Start of Block

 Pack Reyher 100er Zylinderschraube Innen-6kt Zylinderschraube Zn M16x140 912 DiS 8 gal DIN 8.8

End of Block
Start of Block

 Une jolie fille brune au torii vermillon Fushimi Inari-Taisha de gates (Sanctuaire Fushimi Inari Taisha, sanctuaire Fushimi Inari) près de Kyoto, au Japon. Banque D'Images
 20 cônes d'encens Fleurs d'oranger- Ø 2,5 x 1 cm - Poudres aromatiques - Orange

End of Block

- _Problem_: Taking the lines above, repeat exactly those from the line that contains "Une jolie fille" through the line that contains "20 cônes d'encens", and both of those lines as well. Include nothing else.

- _Result of this task_:
 Une jolie fille brune au torii vermillon Fushimi Inari-Taisha de gates (Sanctuaire Fushimi Inari Taisha, sanctuaire Fushimi Inari) près de Kyoto, au Japon. Banque D'Images
 20 cônes d'encens Fleurs d'oranger- Ø 2,5 x 1 cm - Poudres aromatiques - Orange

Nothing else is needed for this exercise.